ランドとその作品は、アニメ、ライブコメディ、ドラマ、ゲームショーを含むテレビ番組[161]や、映画、ビデオゲーム[162]など、様々なメディアで取り上げられている。ランドやランドをベースにしたキャラクターは、米国の著名な作家達による様々な文芸作品やSFに登場し、(肯定的であれ否定的であれ)大きな存在感を示している[163]。「リーズン」(Reason)誌の編集主幹であるニック・ギレスピー (Nick Gillespie) は、「ランドの名声は、虐げられた形で不滅になっています。様々な作品に登場しているランドには、まるで主人公のようなインパクトがあります」、「ランドを冷酷で非人間的と非難することは、大衆文化に浸透しきっています」と述べている[164]。ランドの生涯については2本の映画が制作されている。ドキュメンタリー映画「アイン・ランド:ア・センス・オブ・ライフ」(Ayn Rand: A Sense of Life、1997年)は、アカデミー長編ドキュメンタリー映画賞にノミネートされた[165]。1999年に制作されたテレビドラマ「ザ・パッション・オブ・アイン・ランド」(The Passion of Ayn Rand)は、バーバラ・ブランデン (Barbara Branden) による同名の伝記(1986年)をドラマ化したもので、複数の賞を受賞した[166]。ニック・ガエターノ (Nick Gaetano) がデザインしたランドの肖像画は、米国の切手にもなった[167]。

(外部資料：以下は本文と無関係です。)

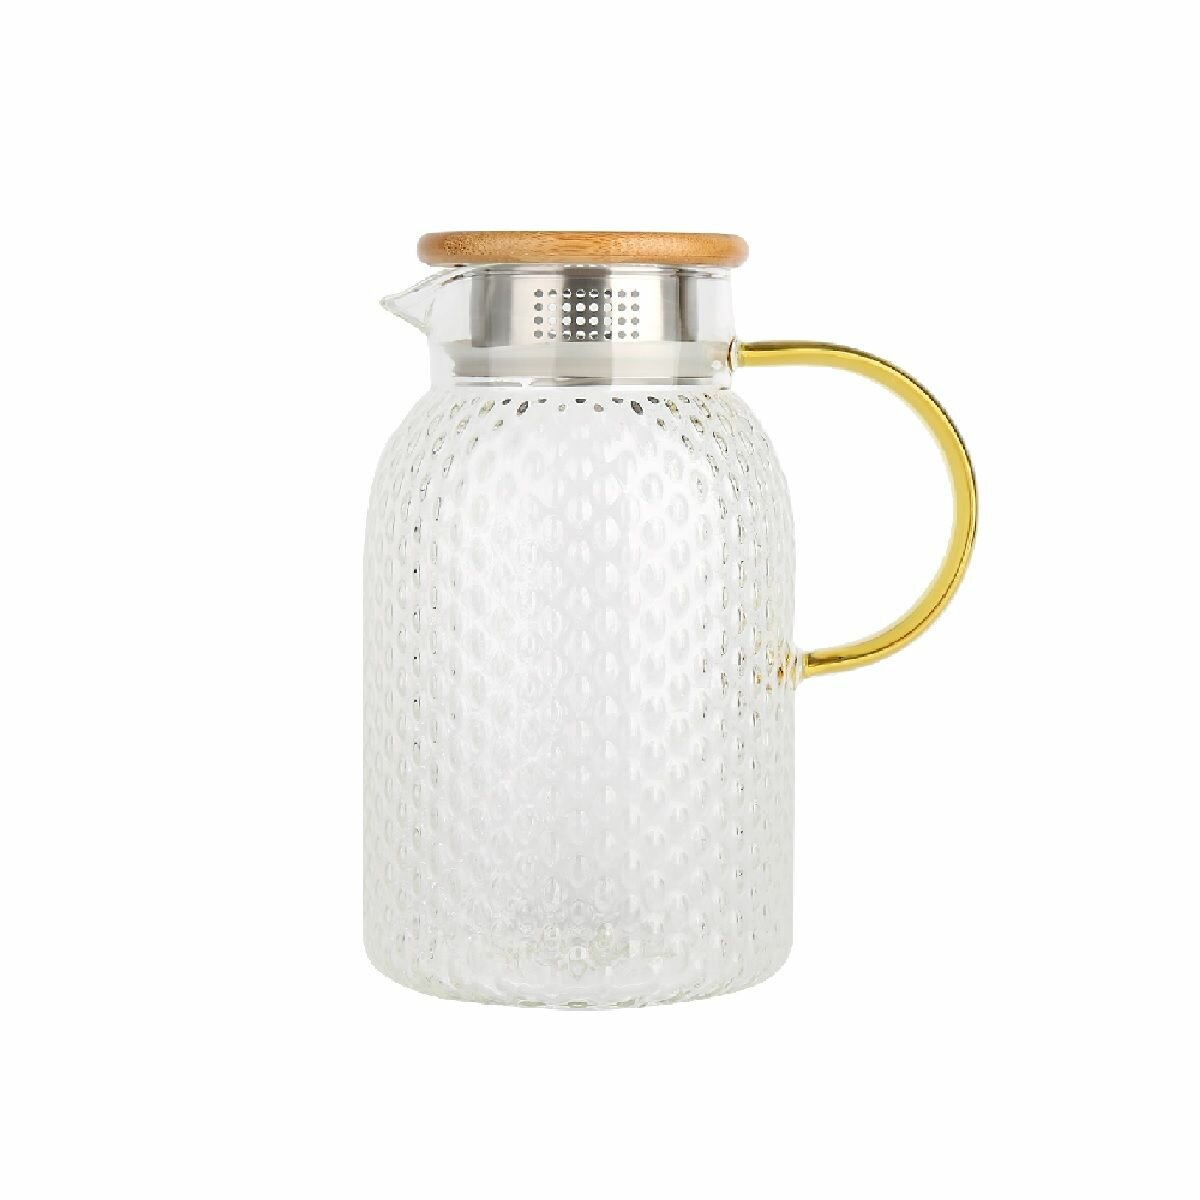 Заварочный чайник-кувшин стеклянный с фильтром 1,5 литра Rashel
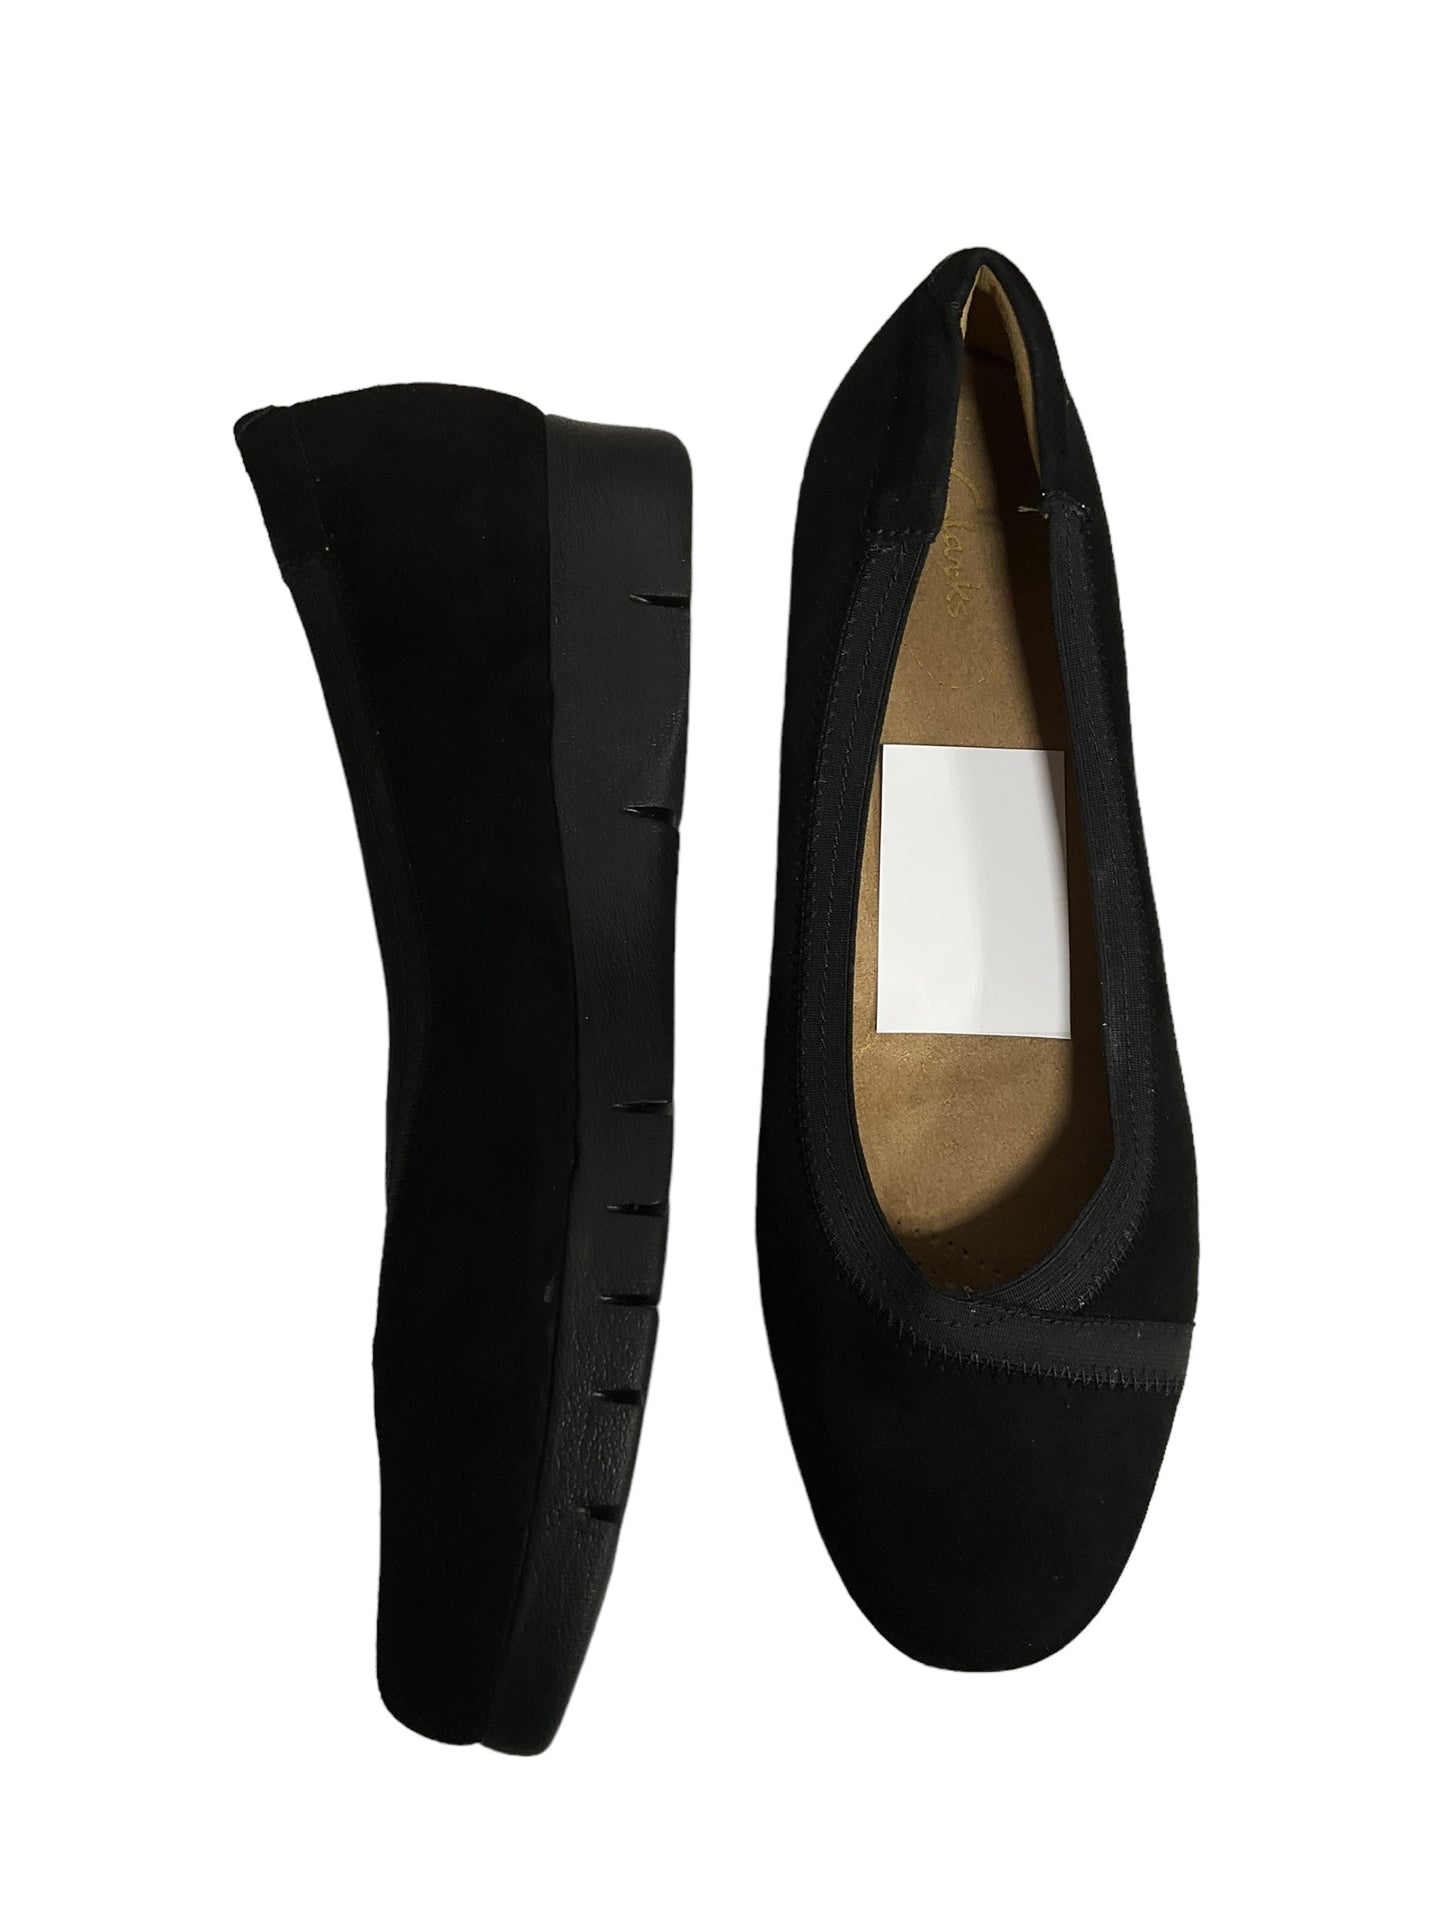 Black Shoes Flats Clarks, Size 10

妊娠中絶合法化を支持し、神の存在を否定するなど、ランド自身は保守派としては典型的ではない立場も取っている[173]。しかし政治の世界でランドからの影響を公言する人物は、一般に保守派で、共和党の党員であることが多い[174]。1987年に「ニューヨーク・タイムズ」(The New York Times)紙に掲載された記事で、ランドはレーガン政権の「桂冠小説家」(novelist laureate) と呼ばれていた[175]。共和党連邦議会議員や保守派の政治評論家も、ランドの影響を受けたことを認め、ランドの小説を推薦している[176]。
ランドの死去後、ランドの作品への関心は徐々に高まった[186]。歴史家のジェニファー・バーンズ (Jennifer Burns) によれば、これまでランドに対する研究者達の関心には「重なり合う3つの波」があり、その内最も新しい波は2000年以来の「学問的研究の爆発」(an explosion of scholarship) である[187]。ただし現在、ランドやオブジェクティビズムを哲学上の専門や研究分野に含める大学はほとんど存在しない。多くの文学科や哲学科では、ランドは大衆文化現象と見なされ、真剣な研究の対称として扱われていない[188]。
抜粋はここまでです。